_Supplied data_:

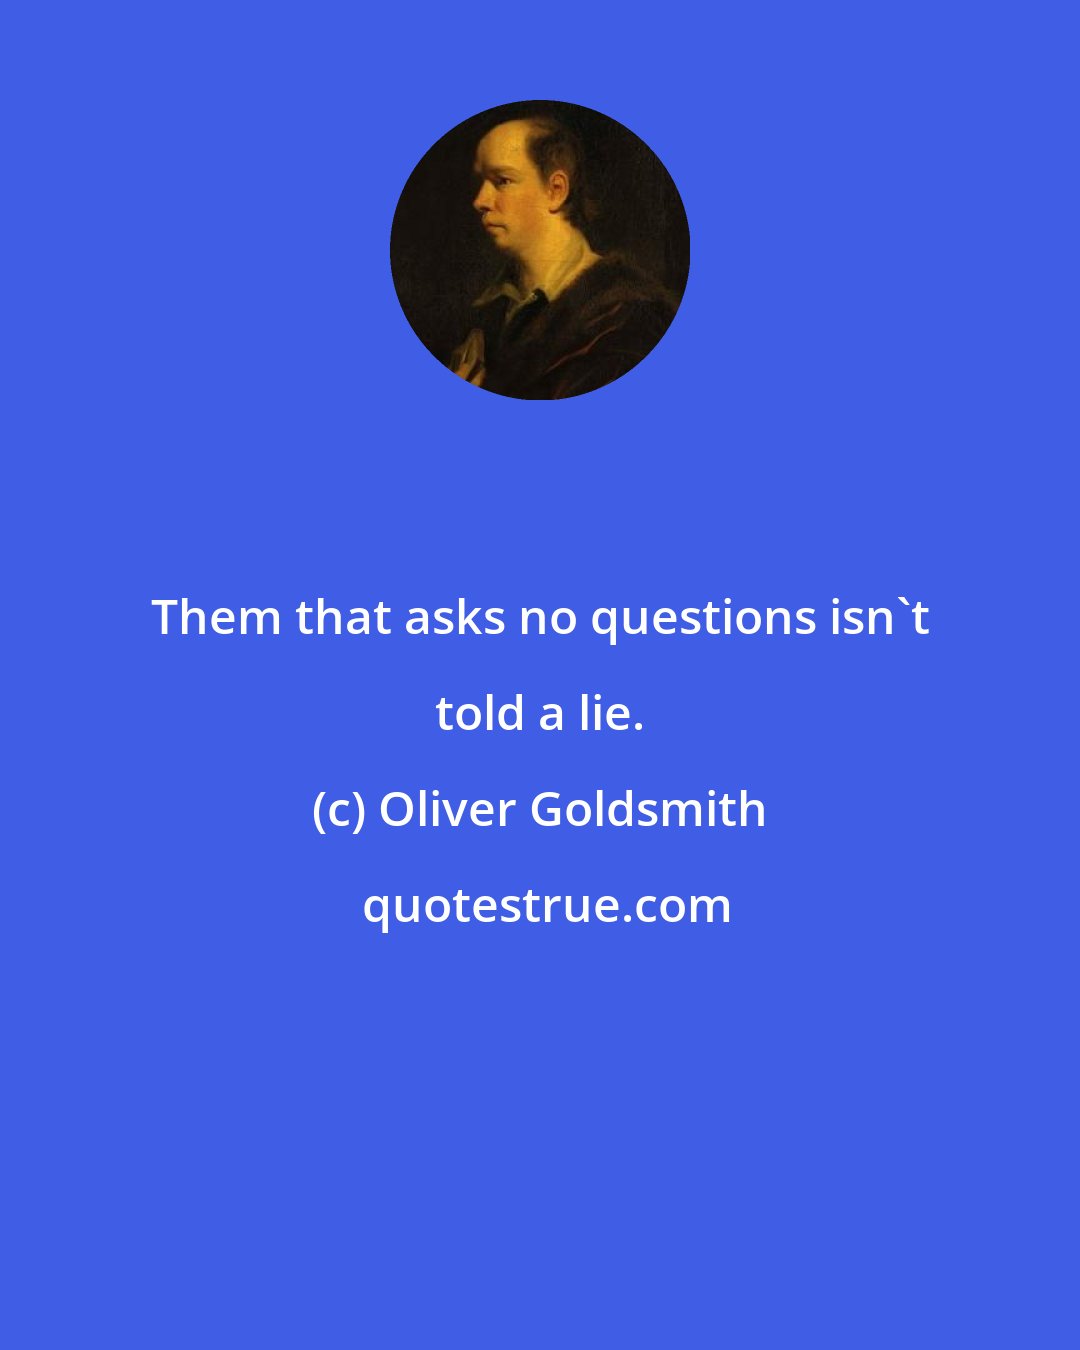 Oliver Goldsmith: Them that asks no questions isn't told a lie.
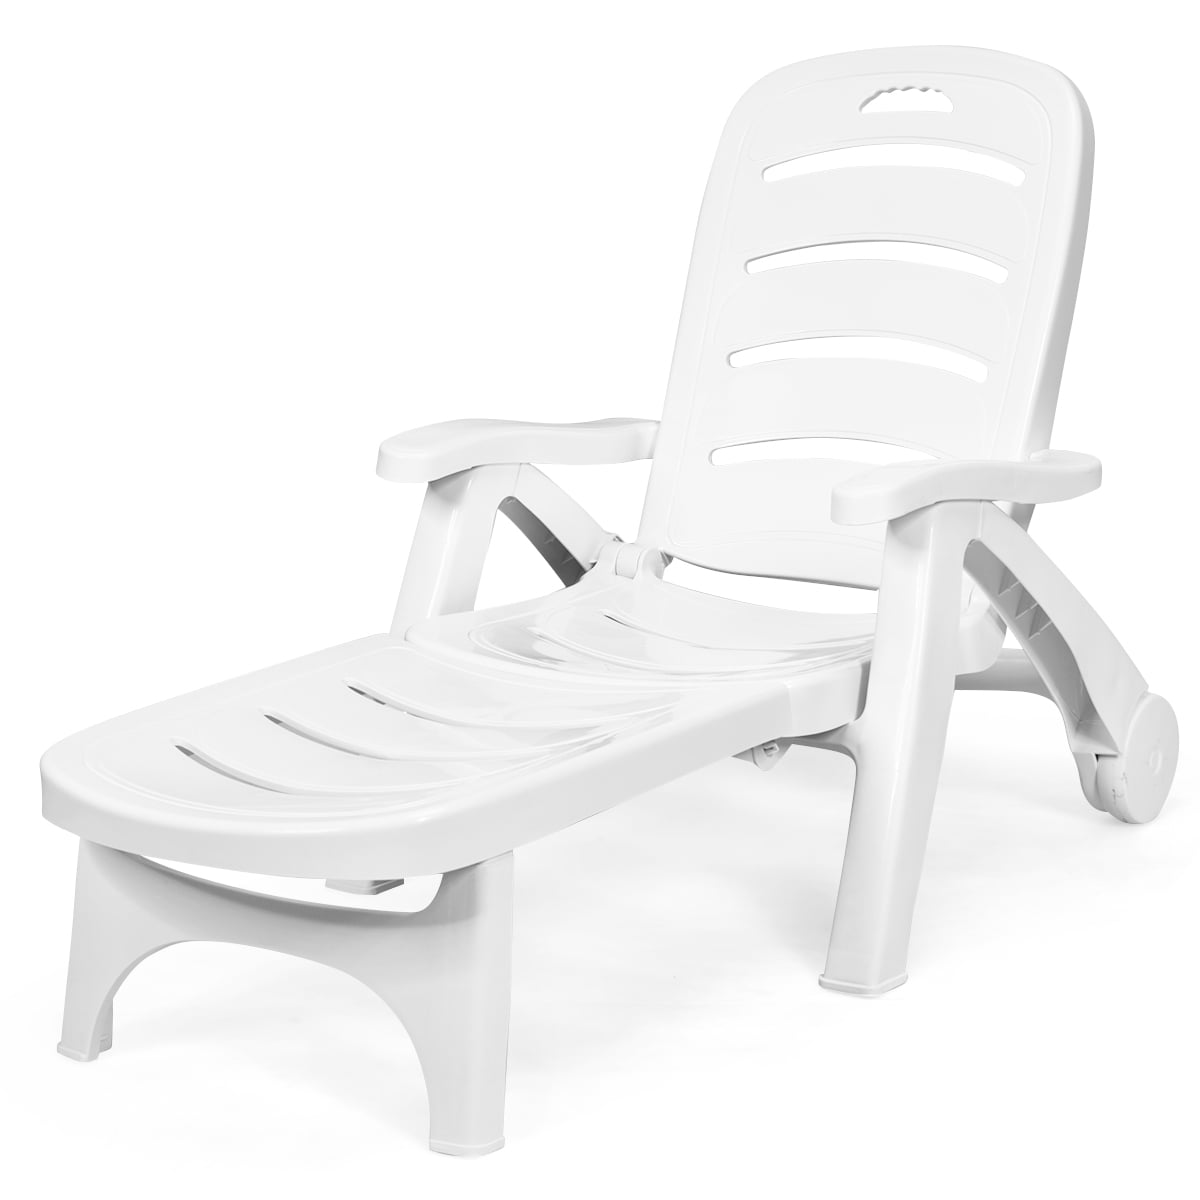 Patiojoy Outdoor Chaise Lounge Chair 5-Position Folding Recliner for ...
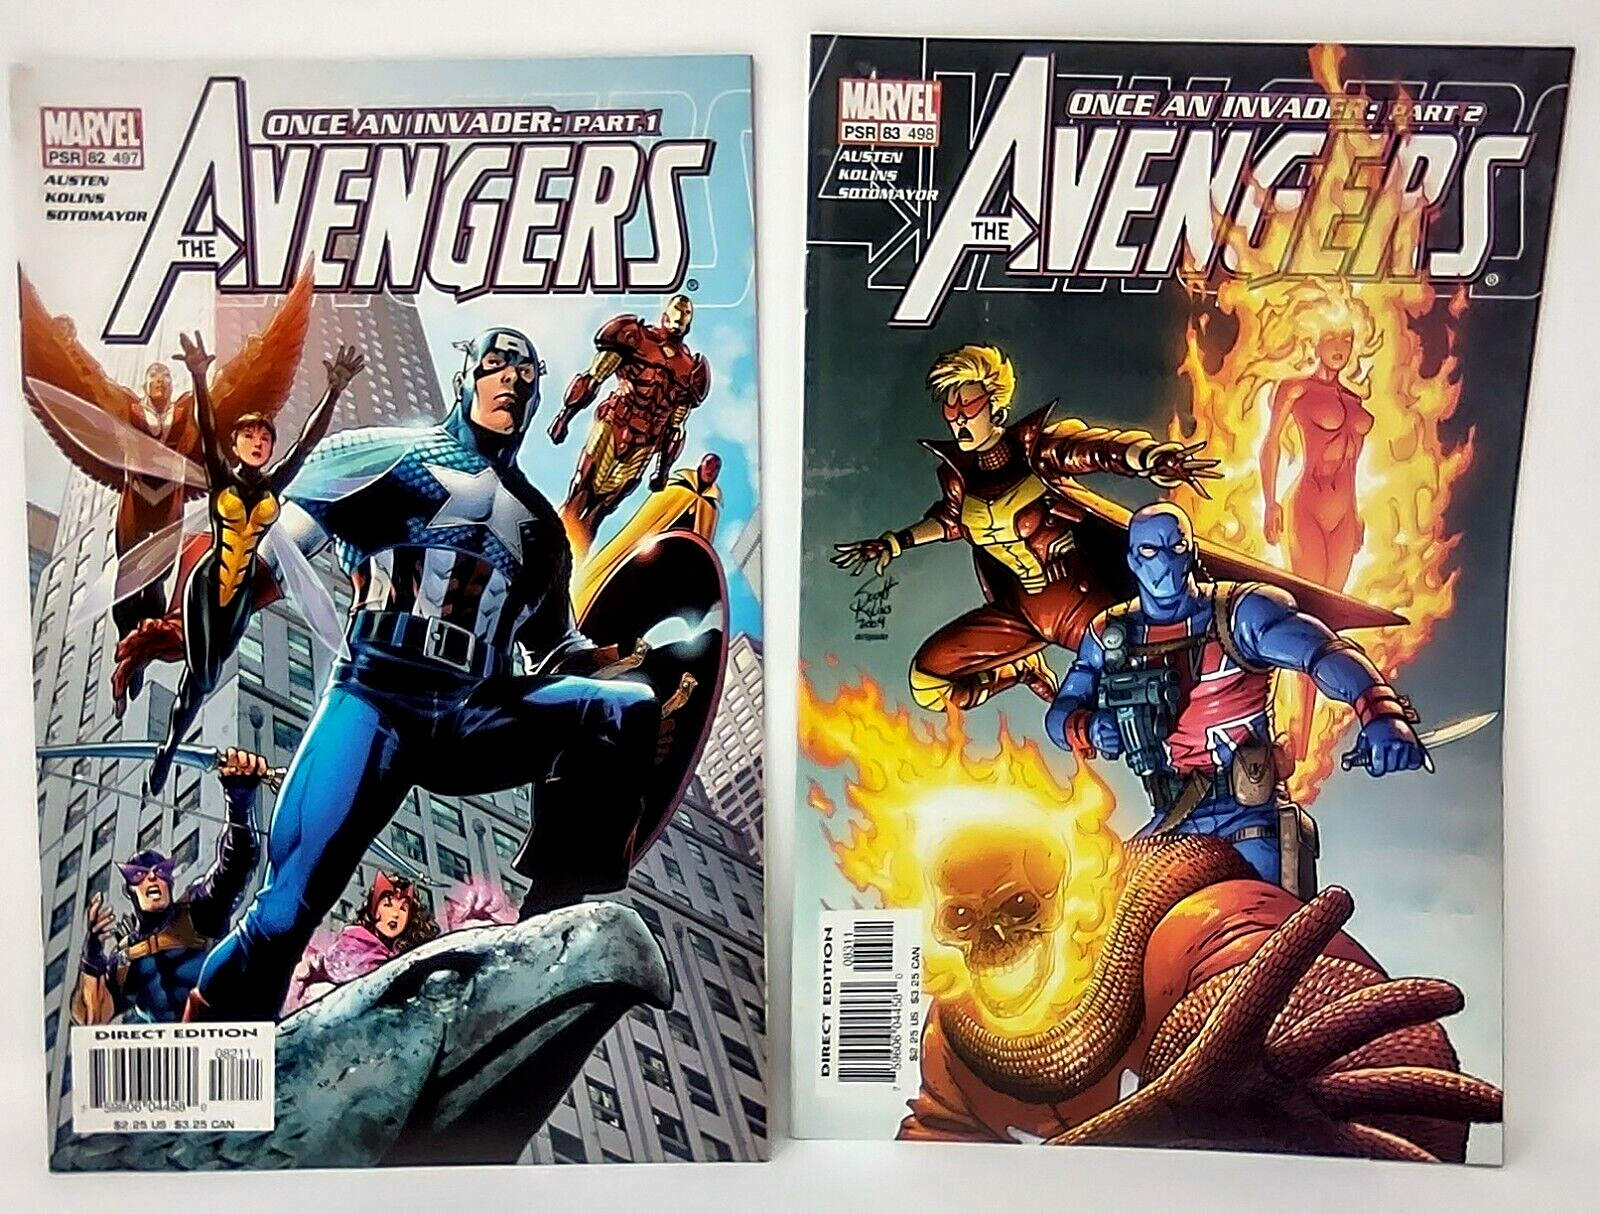 The Avengers Volume 3 Issues 82 83 Marvel Comics 2004 Part 1 And 2

_What the task requires_: Reproduce the lines from the one with "Patiojoy Outdoor Chaise" through the end of the data, keeping both end lines, adding nothing, and dropping any pictures.

_Solution to the problem_:
 Patiojoy Outdoor Chaise Lounge Chair 5-Position Folding Recliner for ...
 The Avengers Volume 3 Issues 82 83 Marvel Comics 2004 Part 1 And 2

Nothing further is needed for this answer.